▶ **Material provided**

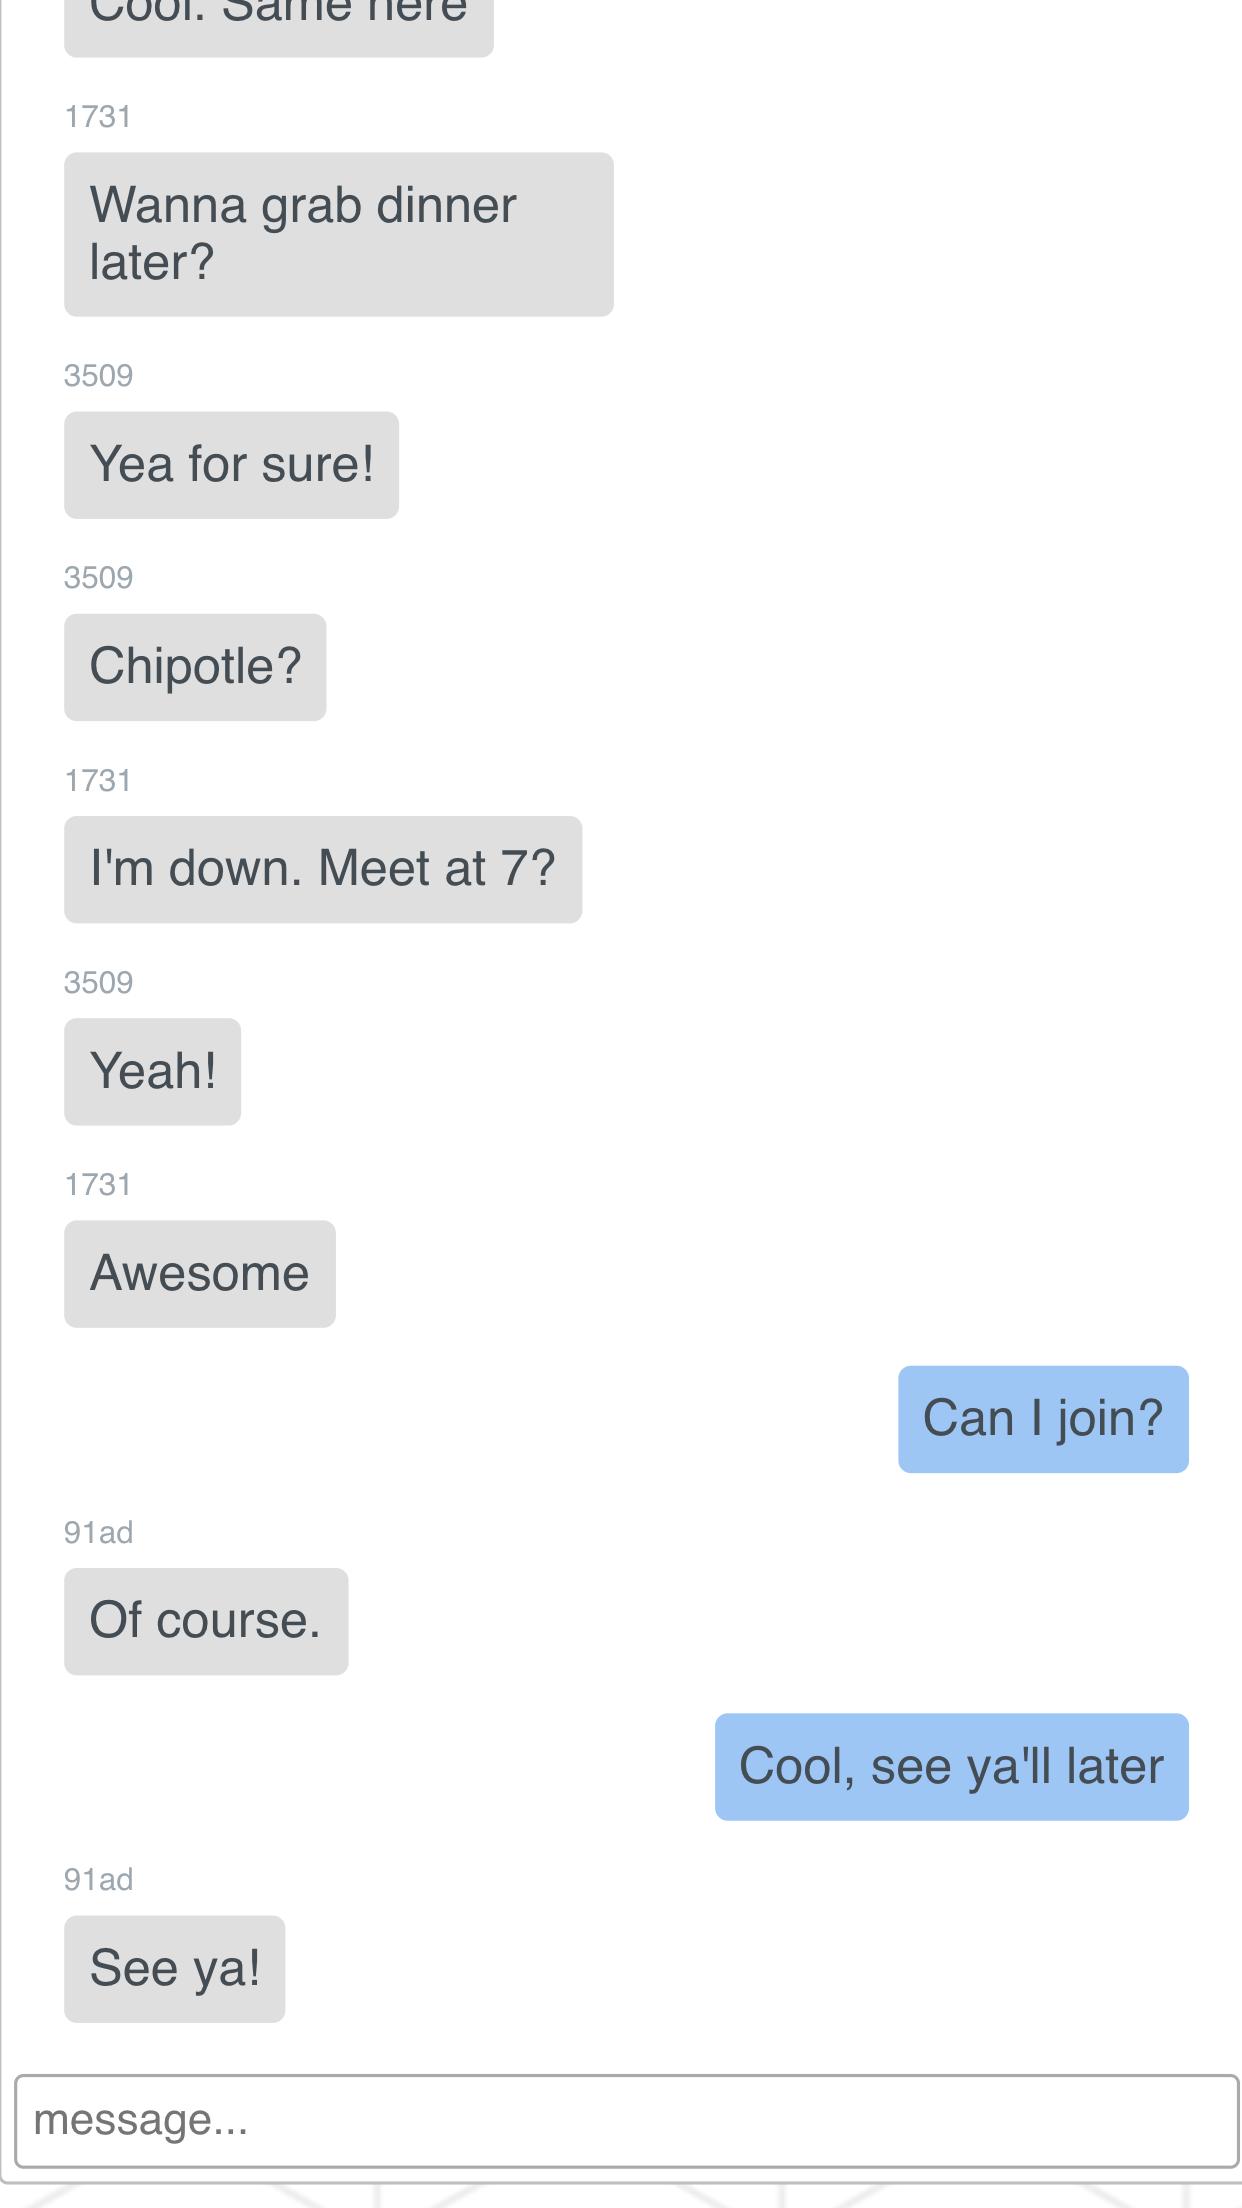 Vue js Chat Basic Tutorial
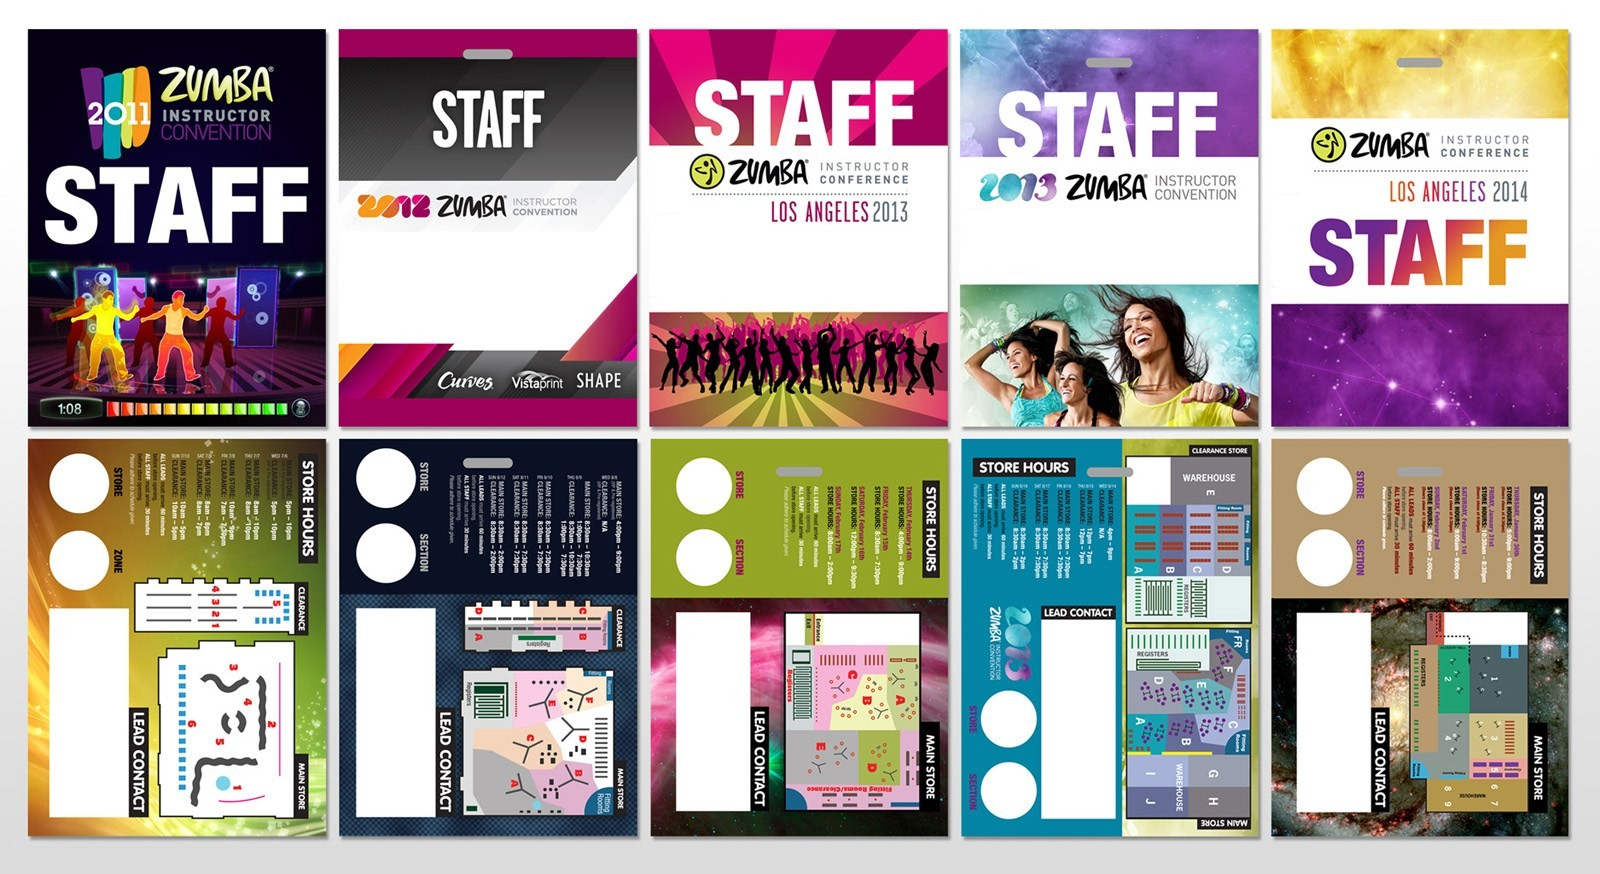 Staff badges
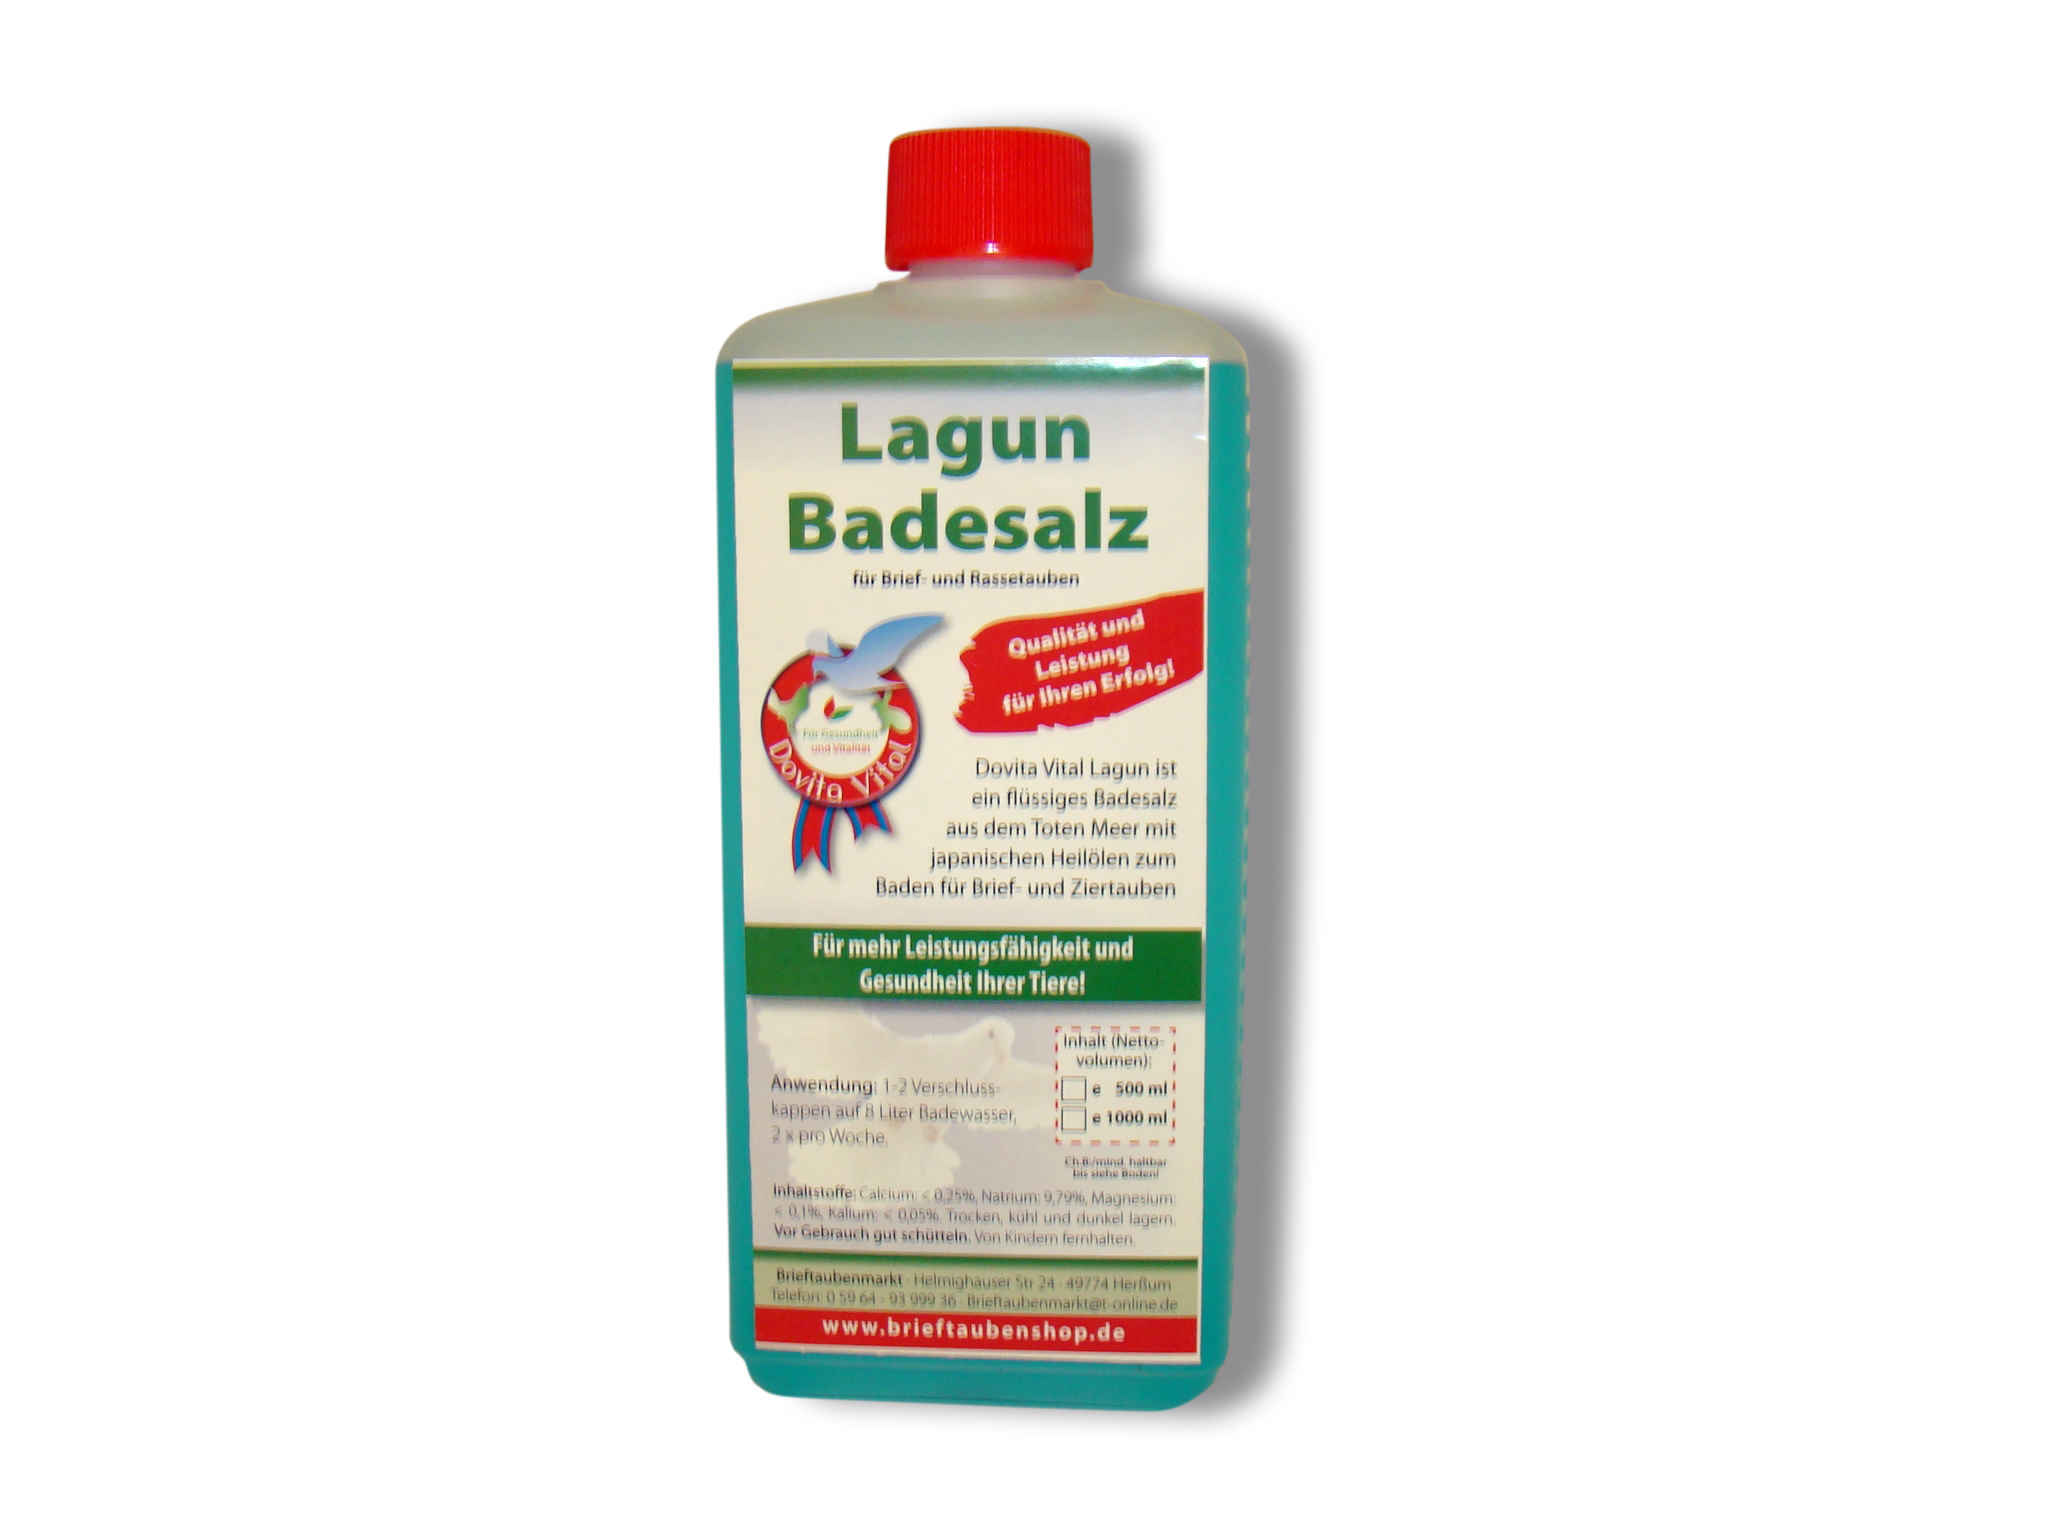 Dovita Vital Lagun Badesalz 500ml

▶ **Your instructions**
Make an exact reproduction of the listing above, without any pictures.

▶ **Exercise answer**
 Vue js Chat Basic Tutorial
 Staff badges
 Dovita Vital Lagun Badesalz 500ml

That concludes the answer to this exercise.